Working data.

+-------+

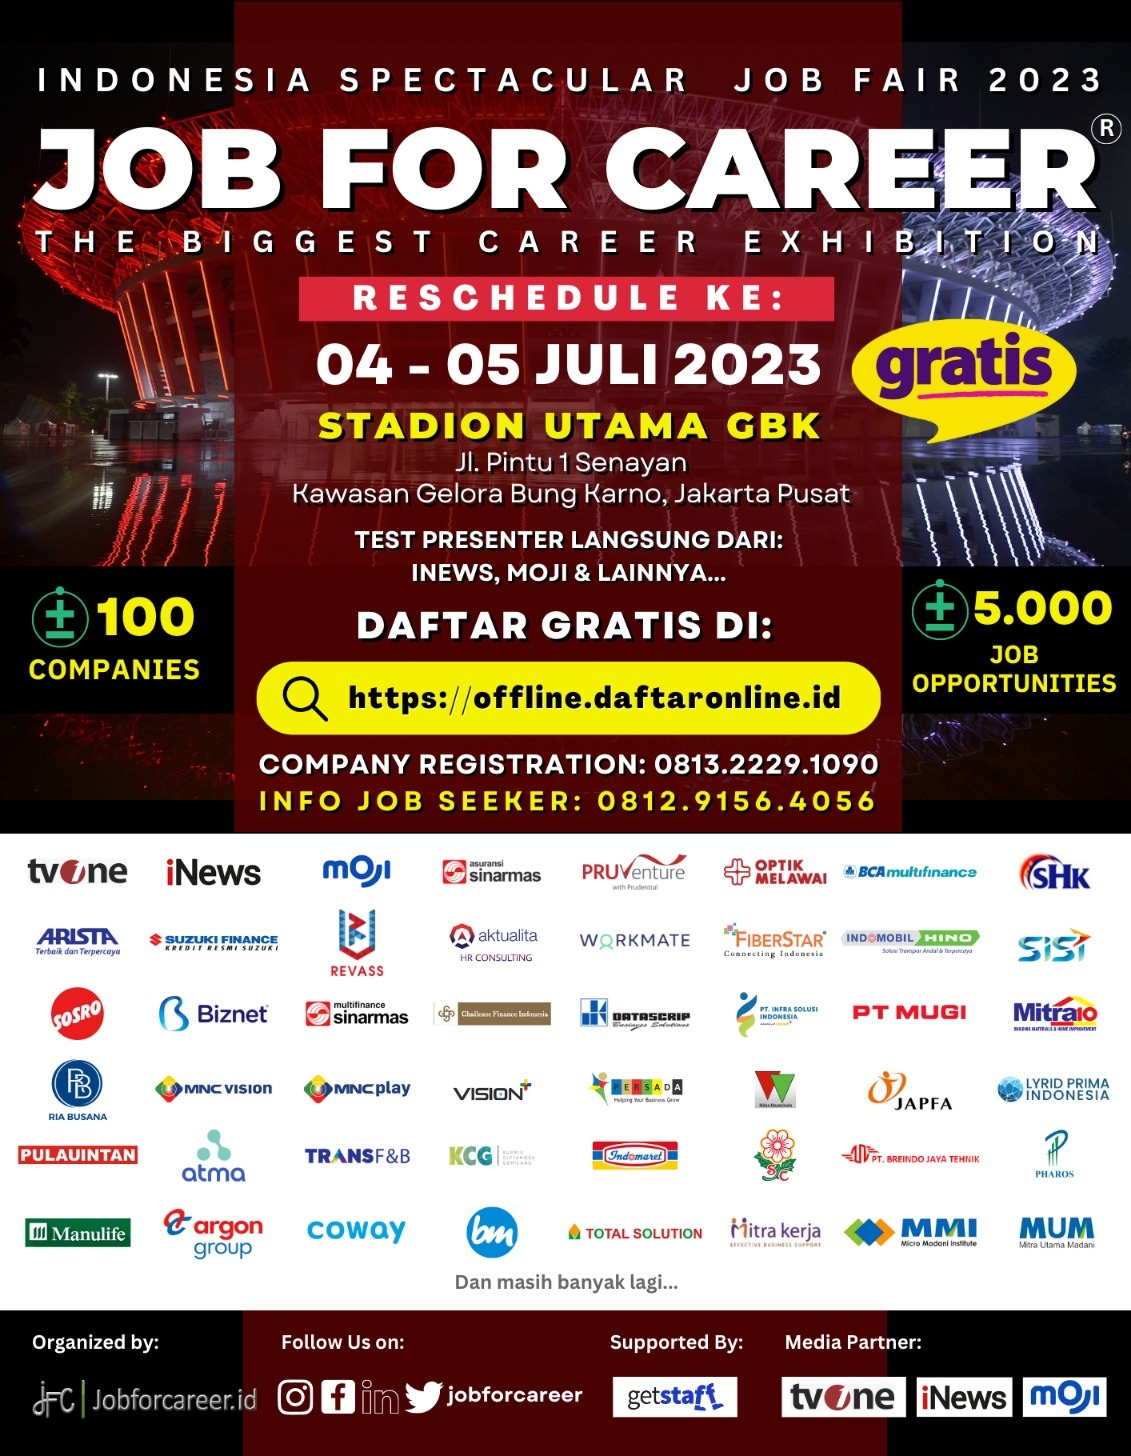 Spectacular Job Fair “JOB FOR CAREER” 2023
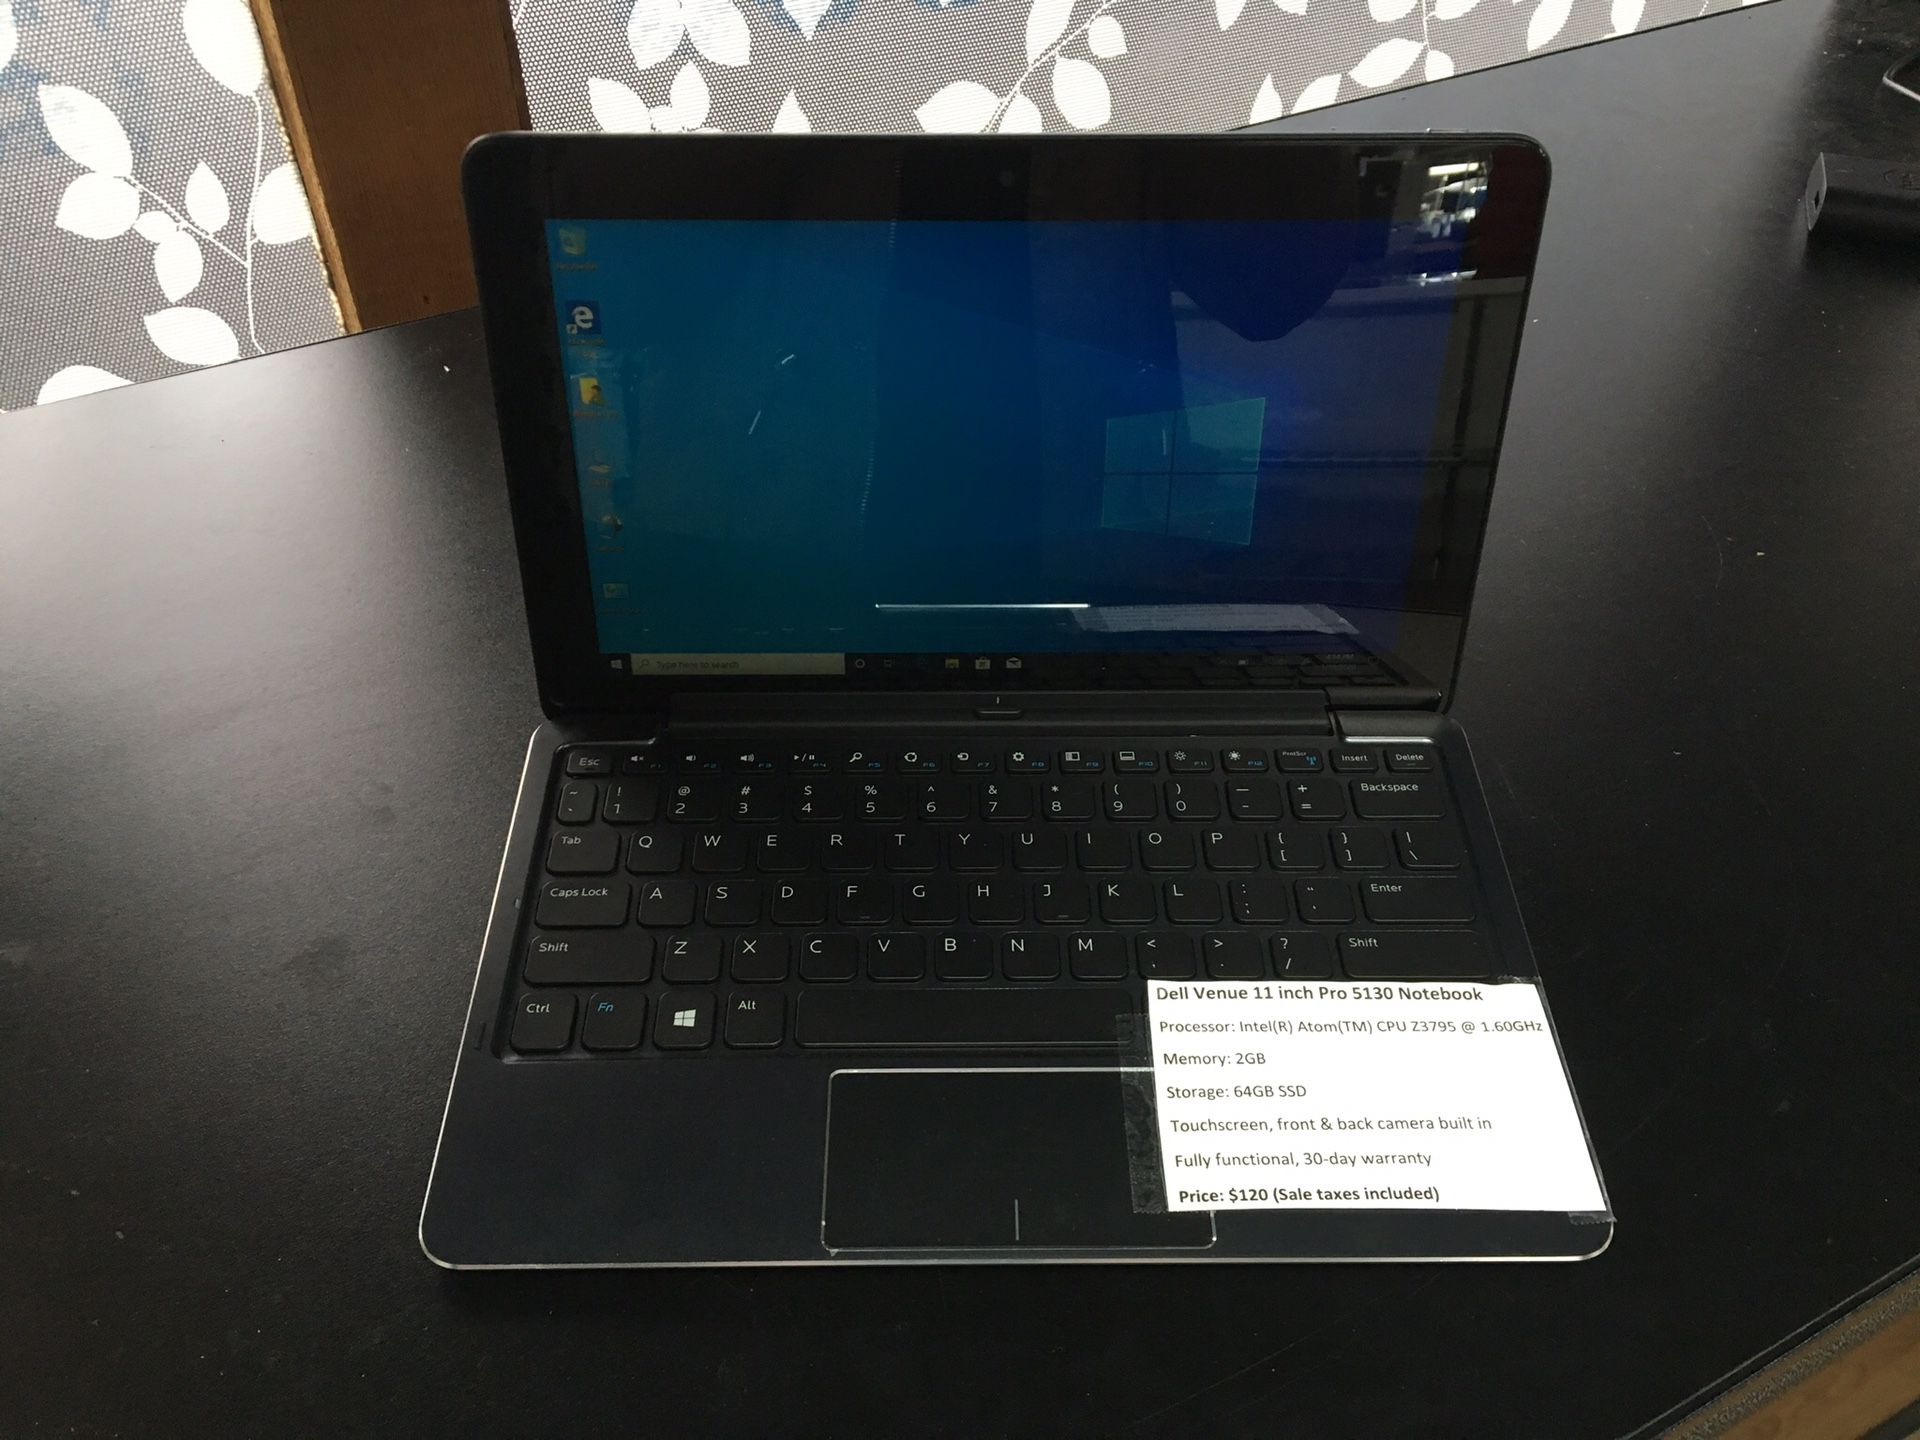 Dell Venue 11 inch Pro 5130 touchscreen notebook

+-------+

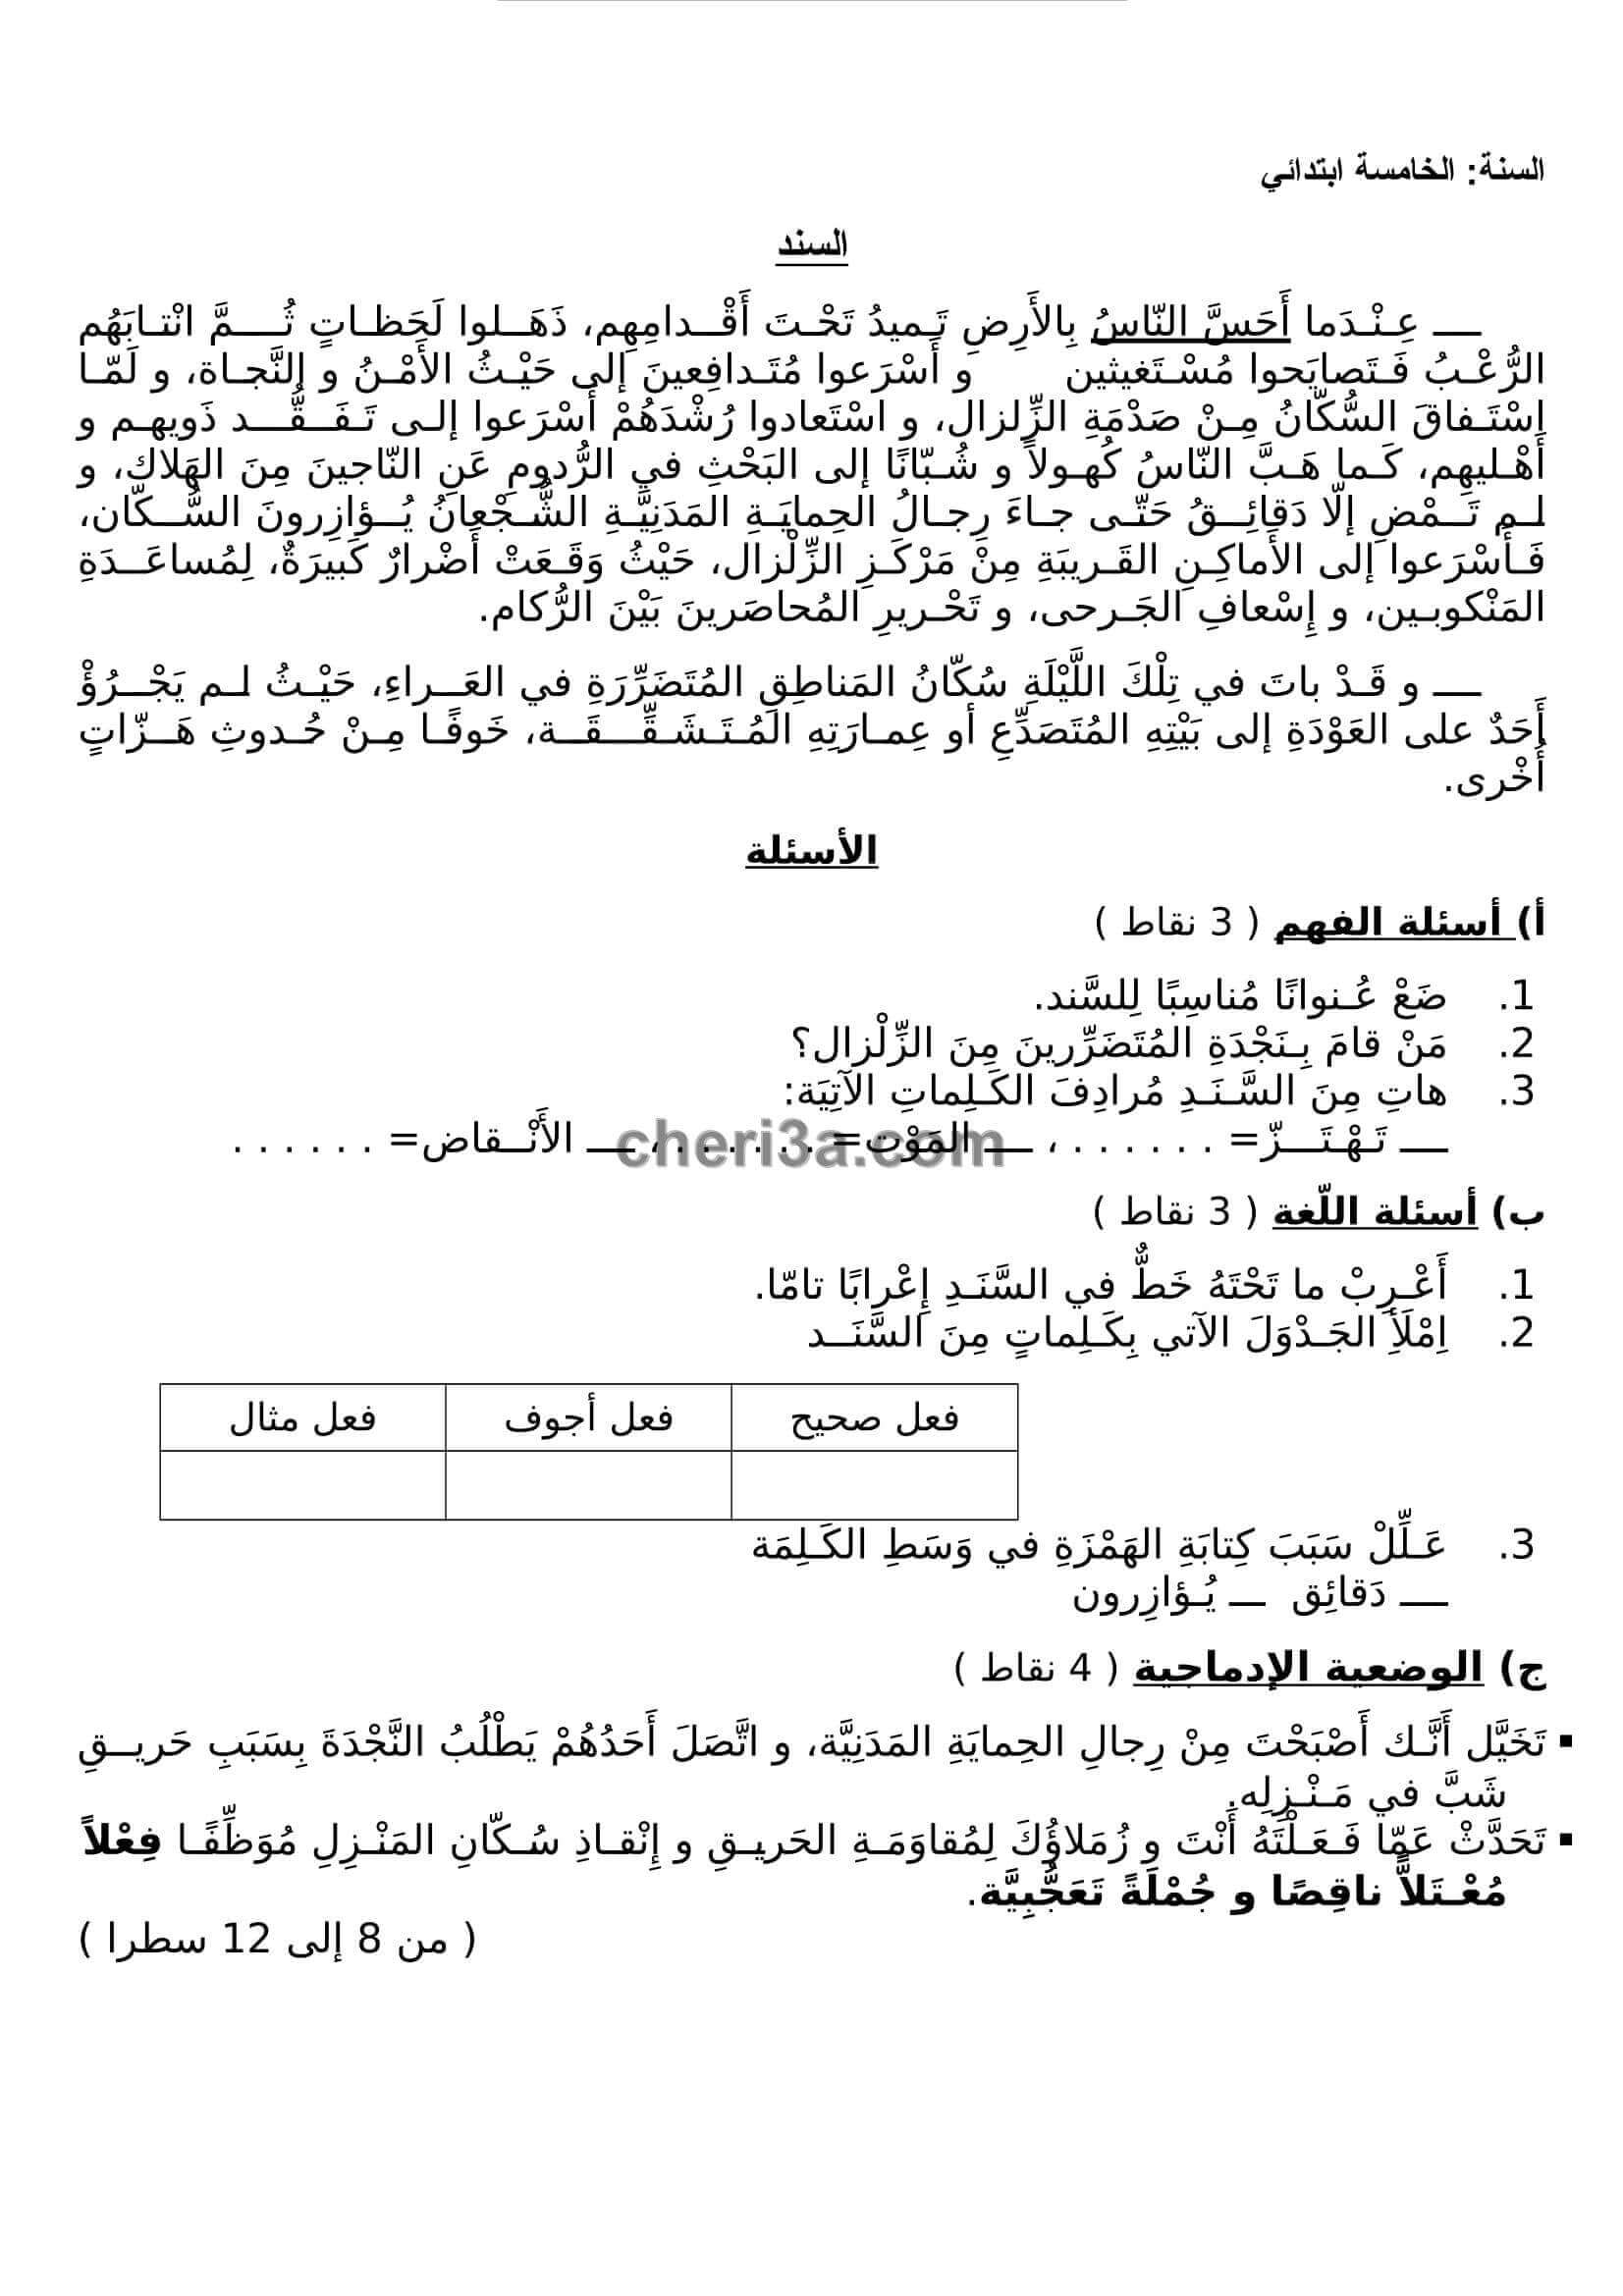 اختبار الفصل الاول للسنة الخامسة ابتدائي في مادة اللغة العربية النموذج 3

+-------+

Task statement.
Copy only these lines from the records above, exactly: the one with "Spectacular Job Fair", the one with "Dell Venue 11", and those between. Skip the pictures.

Reply to the exercise.
 Spectacular Job Fair “JOB FOR CAREER” 2023
 Dell Venue 11 inch Pro 5130 touchscreen notebook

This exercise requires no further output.